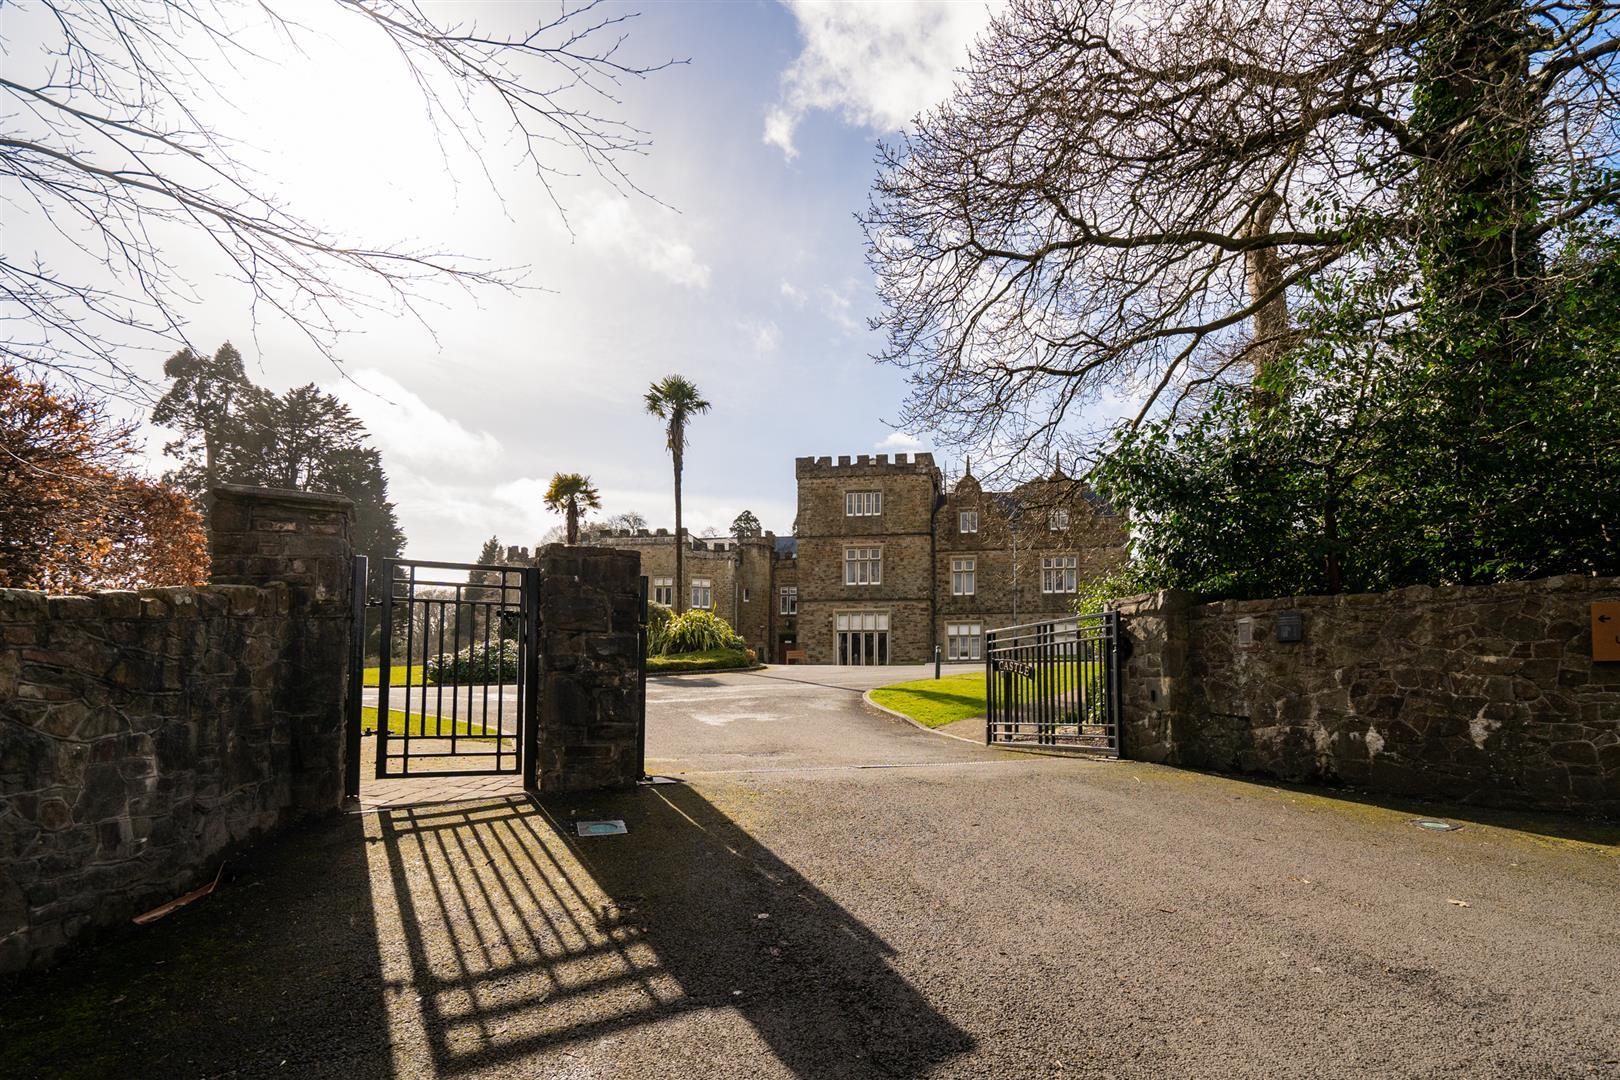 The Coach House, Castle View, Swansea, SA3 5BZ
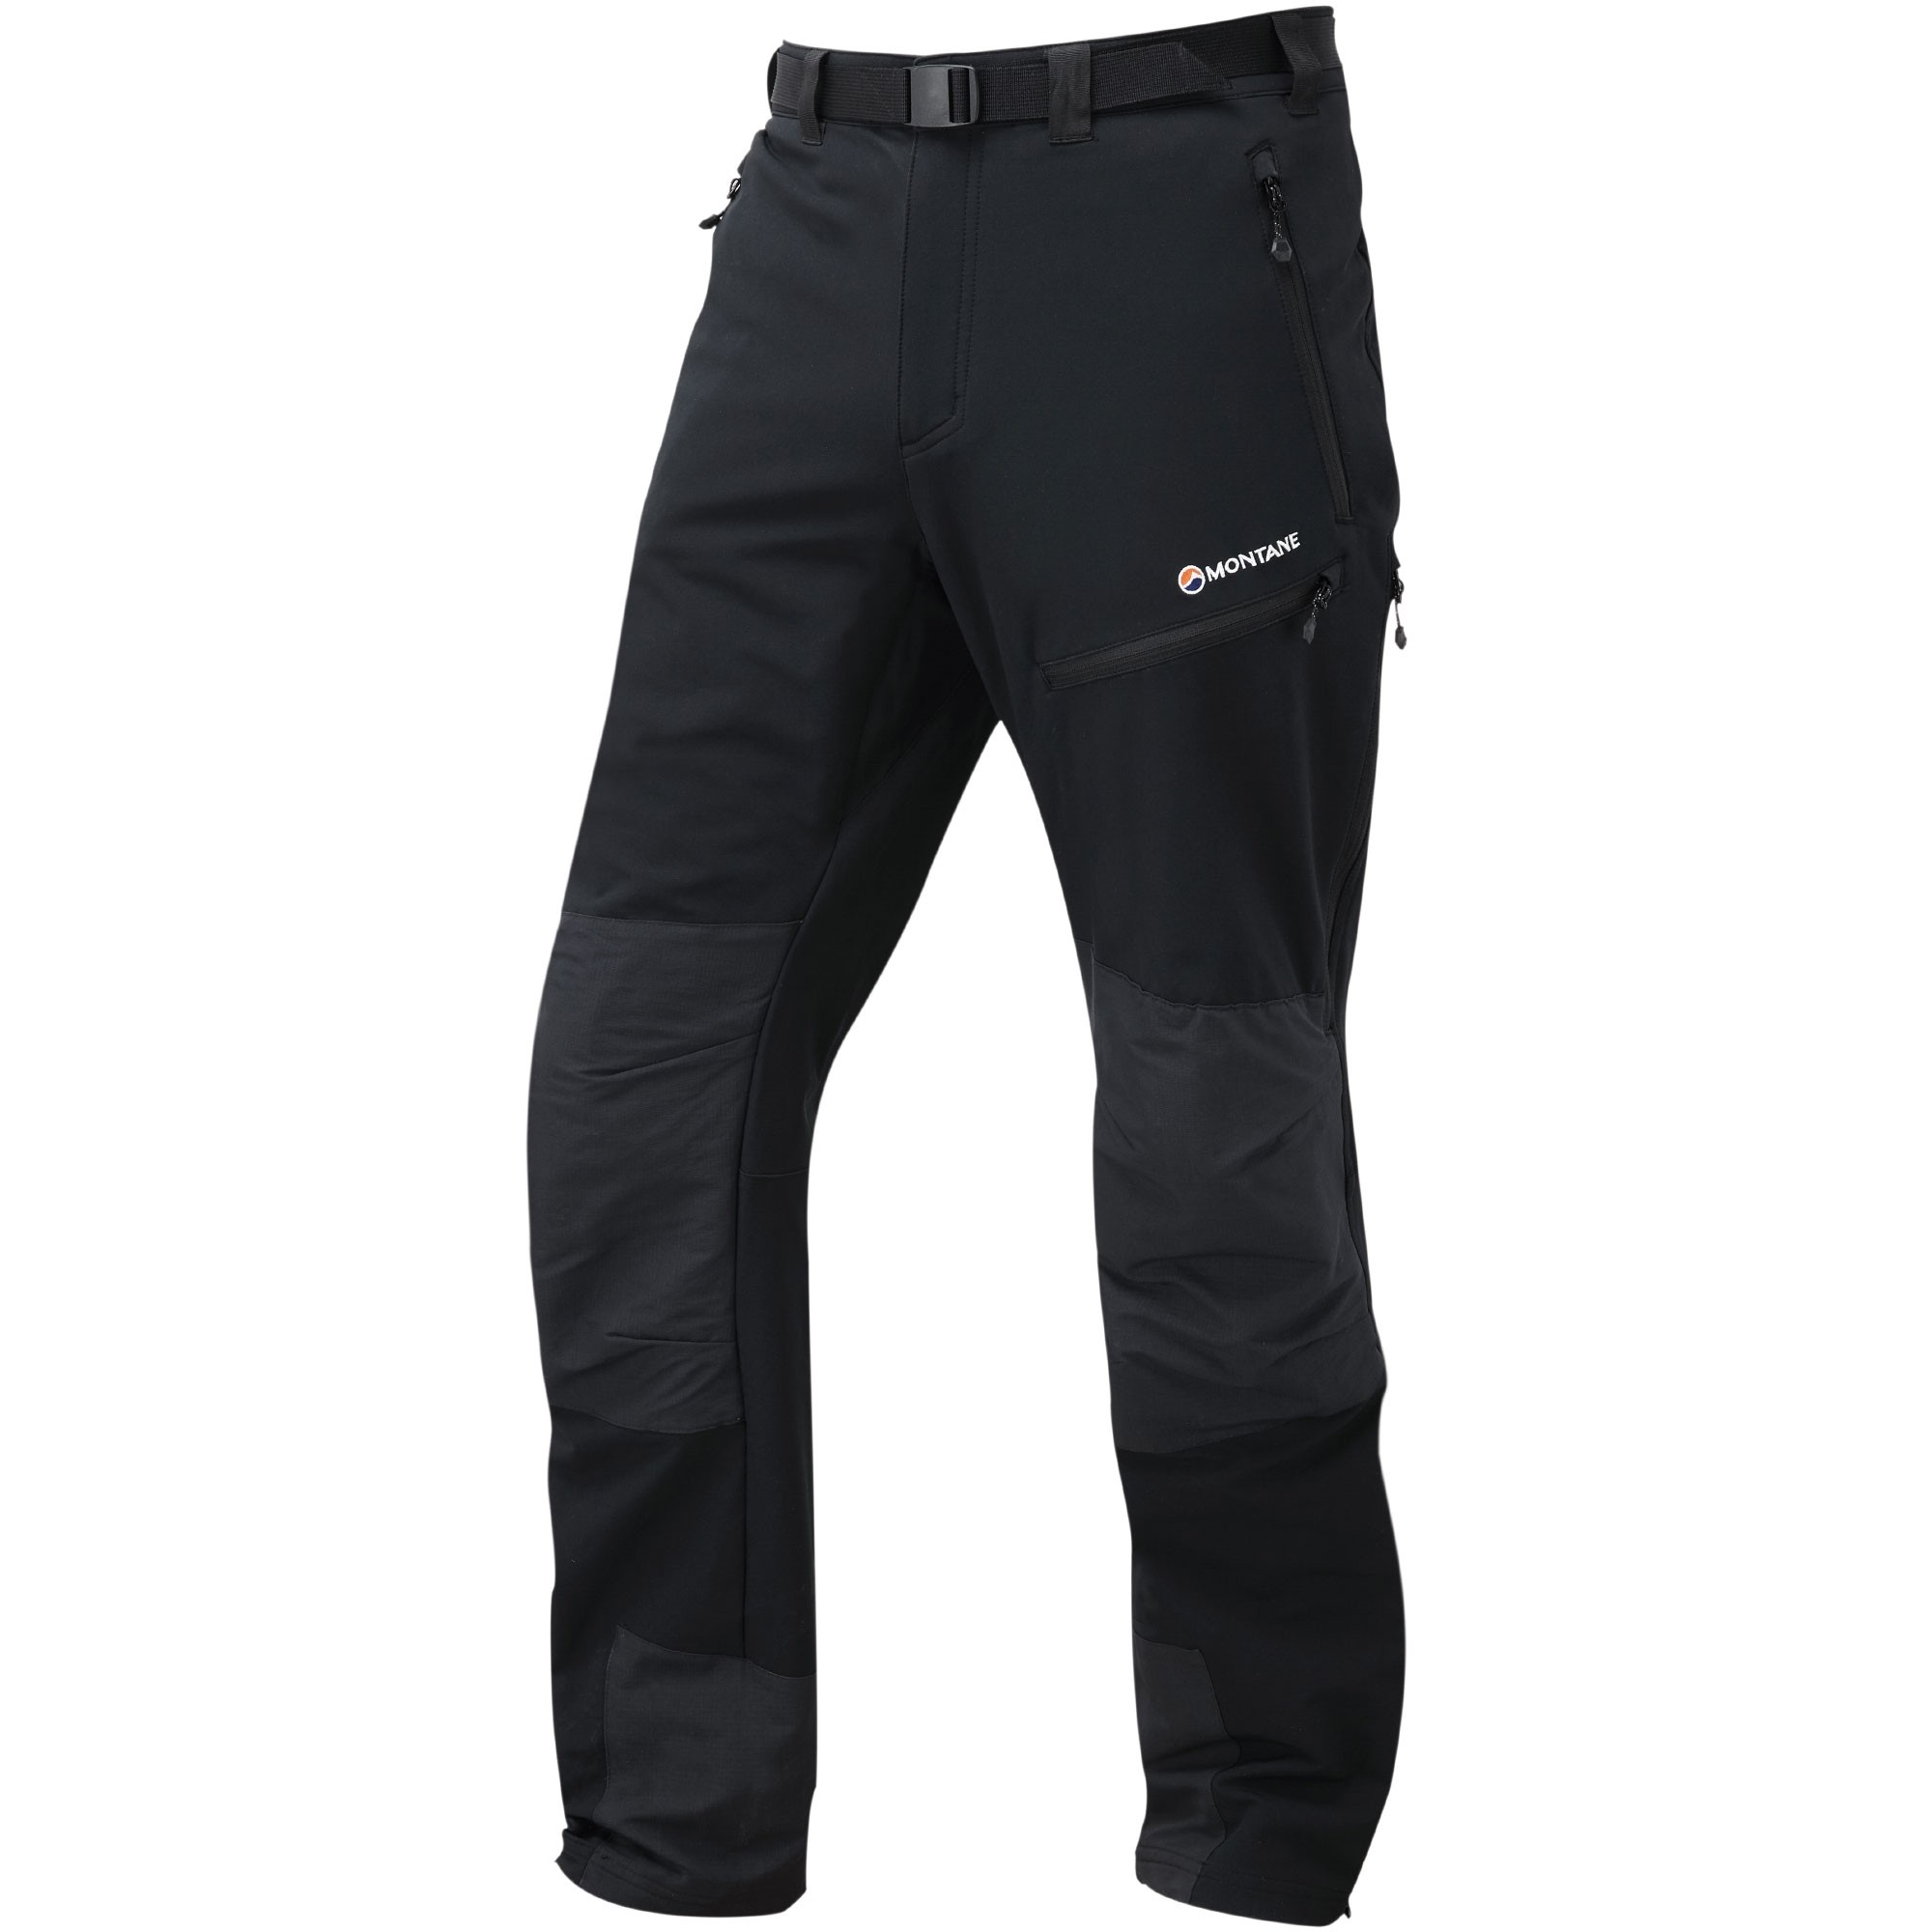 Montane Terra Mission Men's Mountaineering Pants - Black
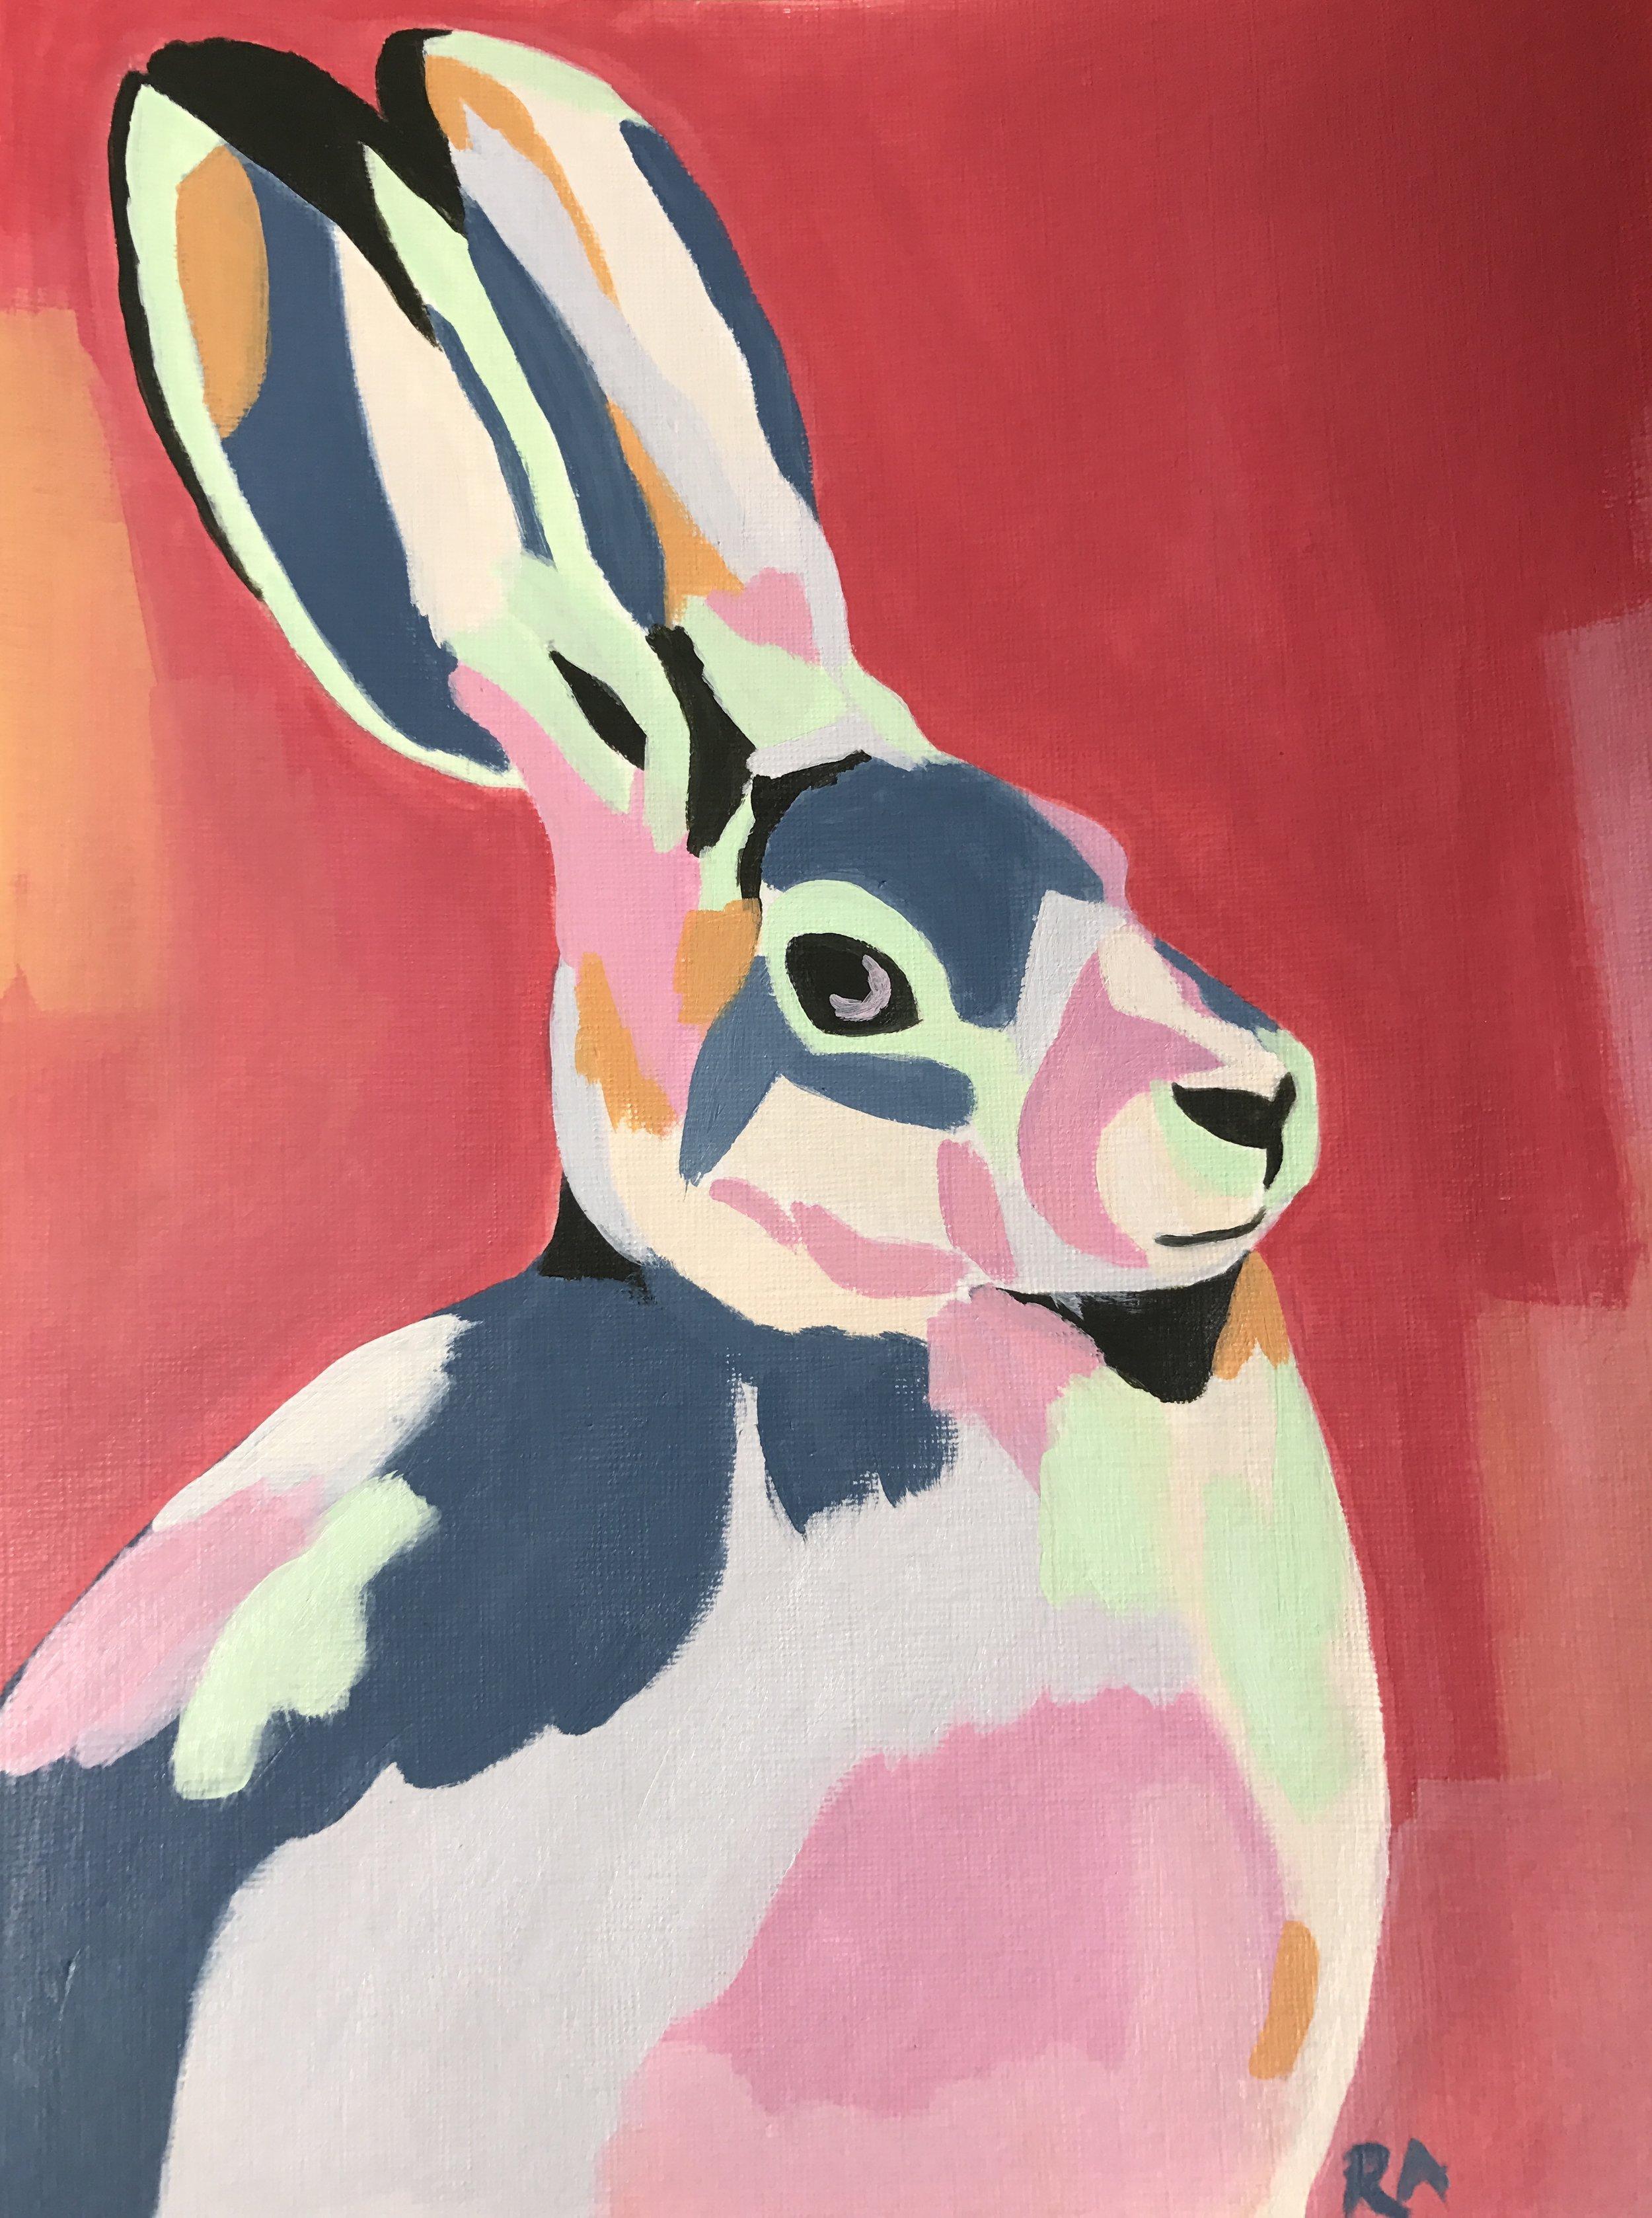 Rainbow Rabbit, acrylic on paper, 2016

════════

__Exercise goal__.
Everything in the data except the pictures should be restated word for word.

__Exercise output__.
 The Coach House, Castle View, Swansea, SA3 5BZ
 Montane Terra Mission Men's Mountaineering Pants - Black
 Rainbow Rabbit, acrylic on paper, 2016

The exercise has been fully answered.